Data shown →
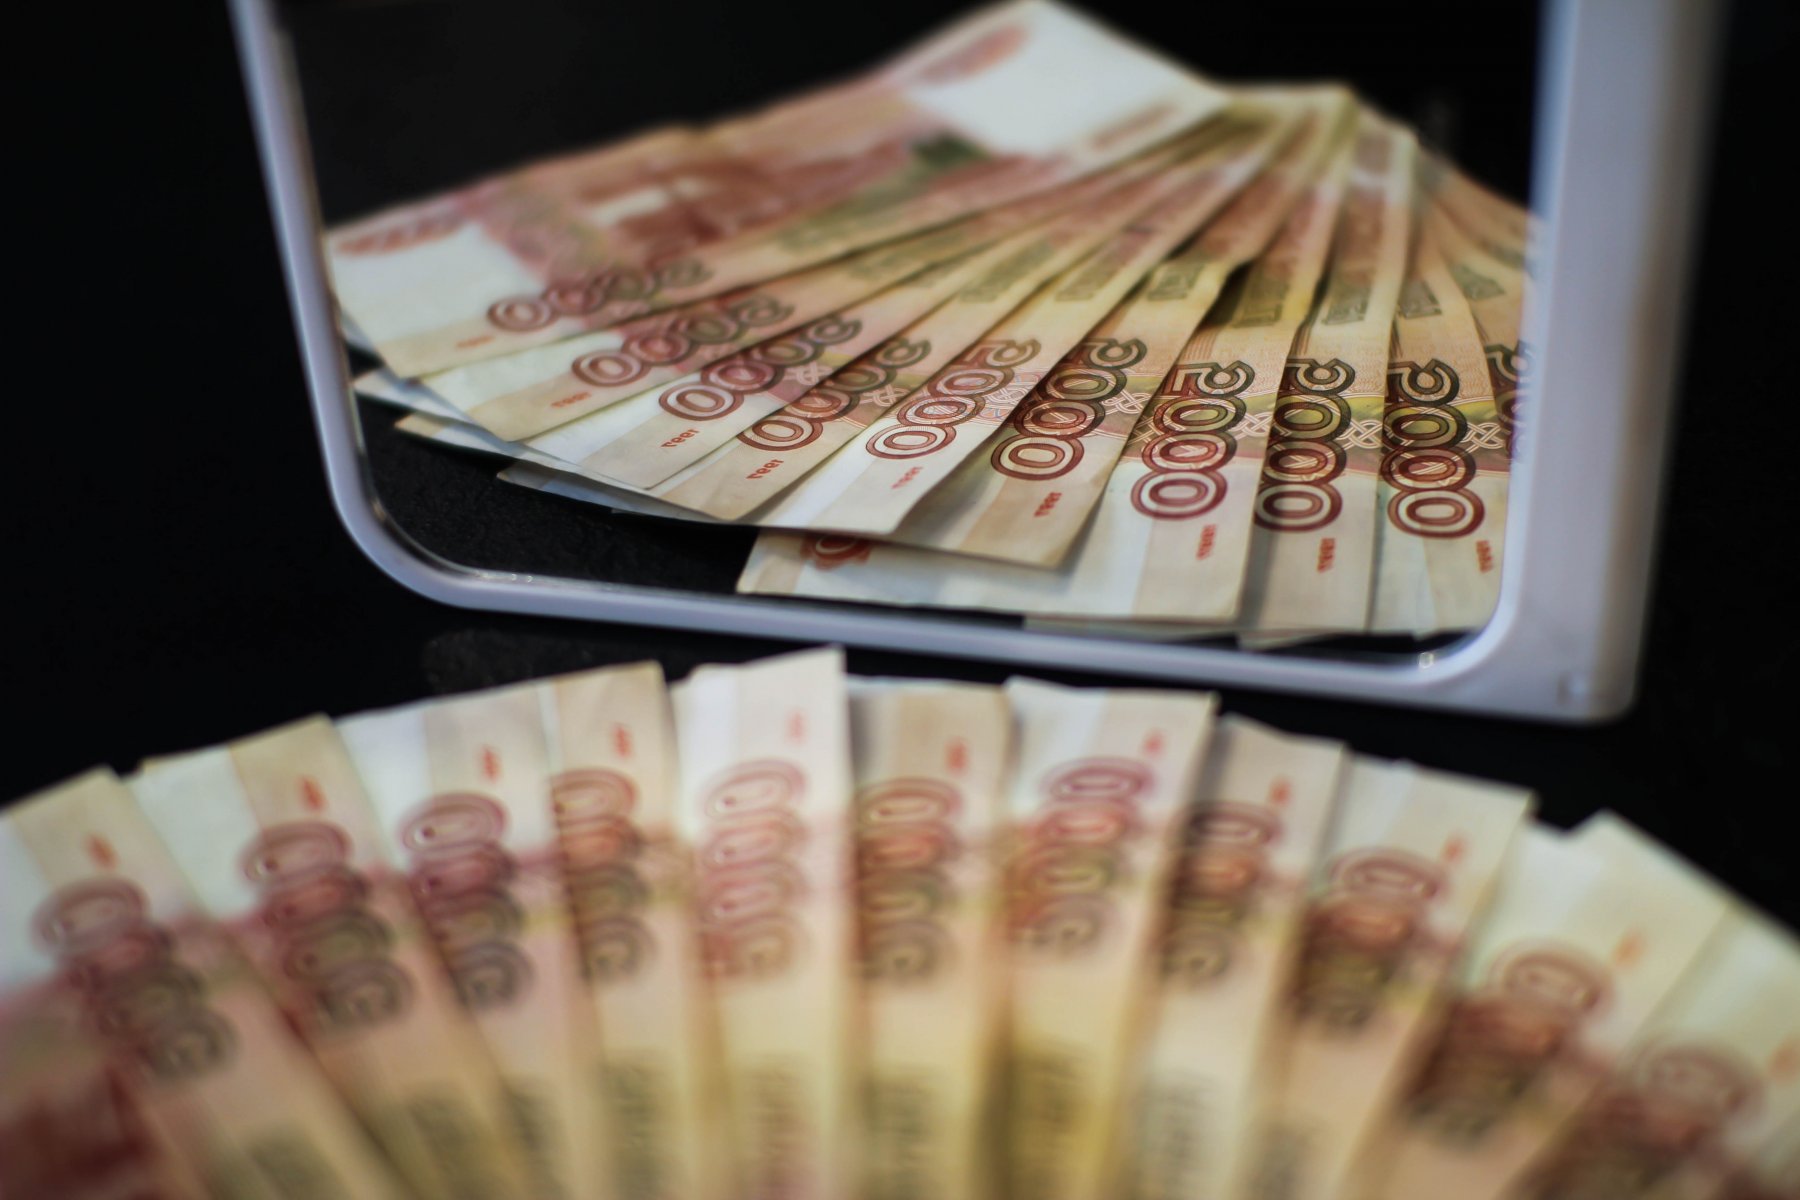 ТСЖ из Пушкино выплатило долг за коммуналку почти в 3 млн рублей 
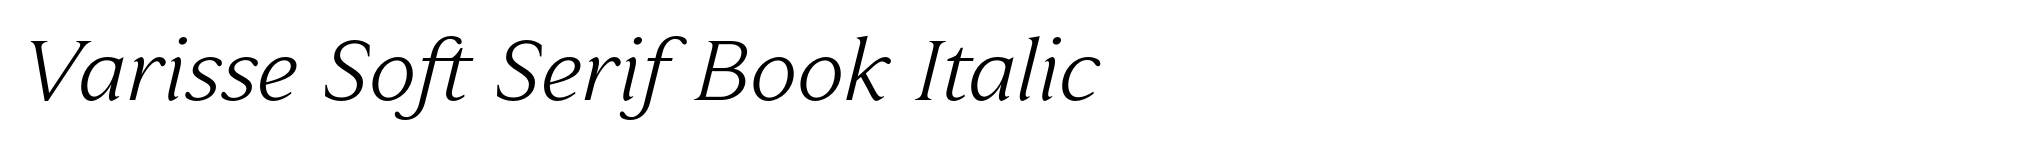 Varisse Soft Serif Book Italic image
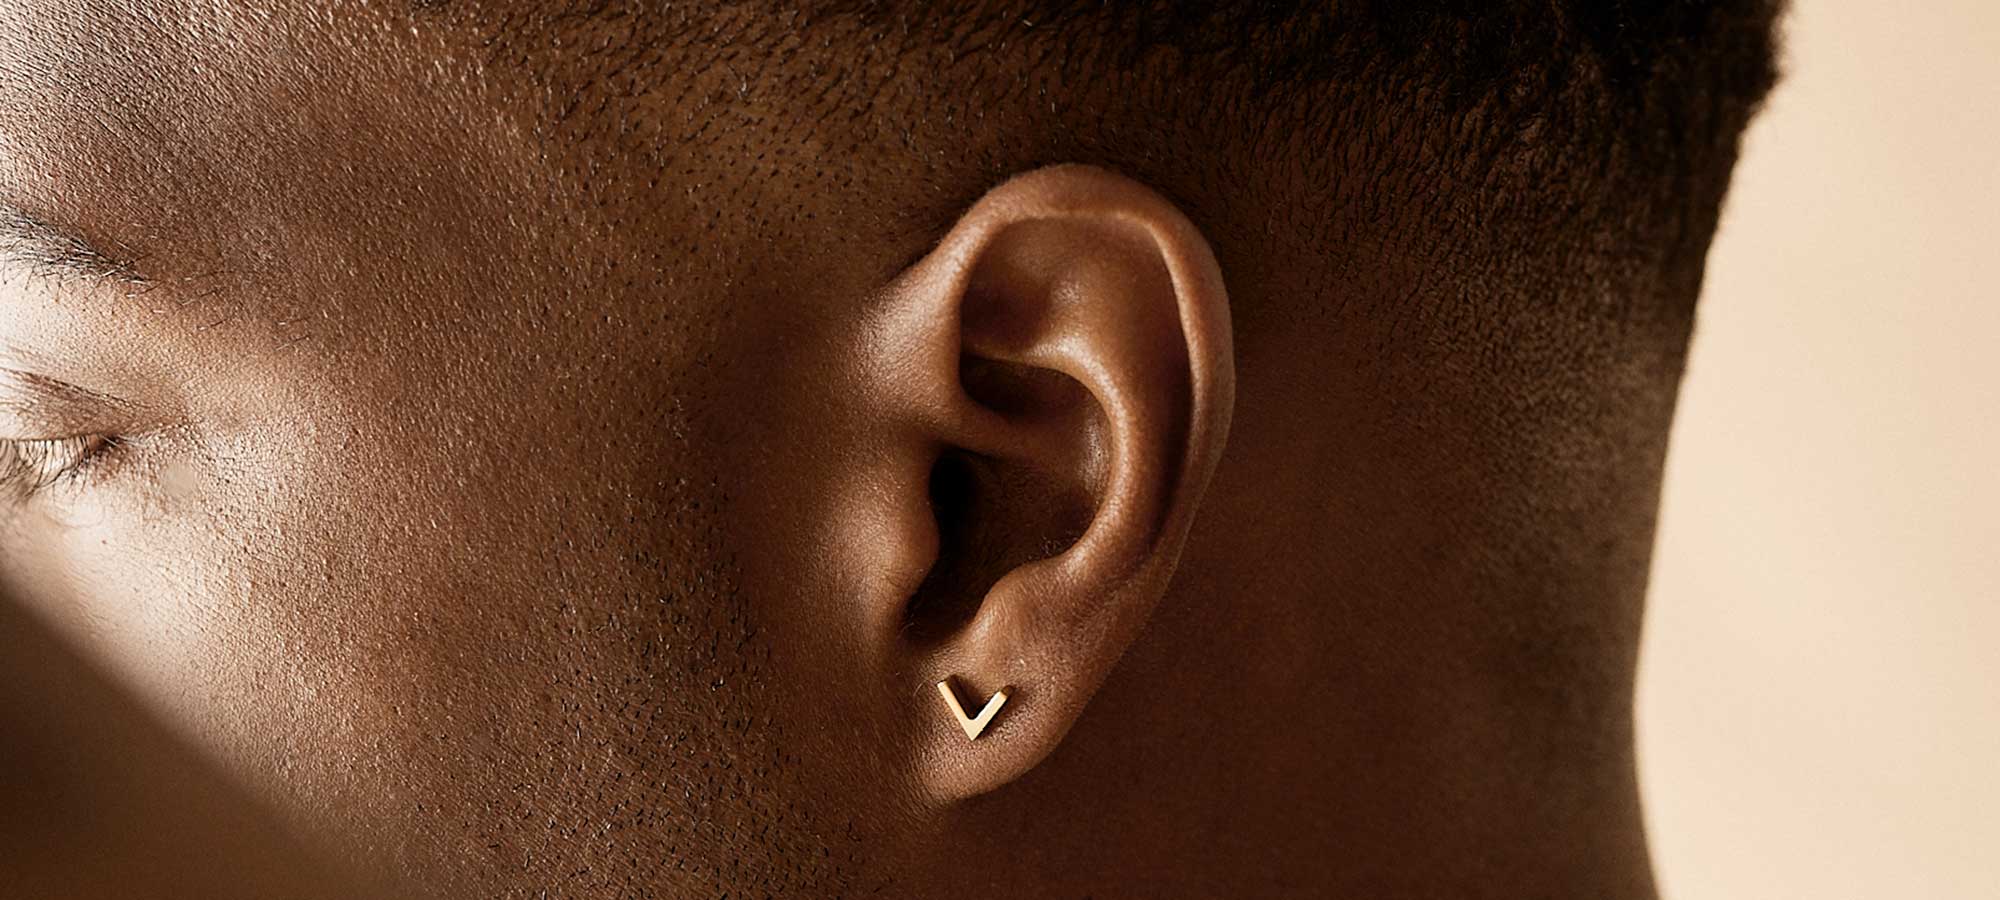 Hudvenlige øreringe til mænd

Work to complete → The answer must repeat every line of the listing exactly and leave the pictures out.

Answer area →
 ТСЖ из Пушкино выплатило долг за коммуналку почти в 3 млн рублей 
 Varisse Soft Serif Book Italic image
 Hudvenlige øreringe til mænd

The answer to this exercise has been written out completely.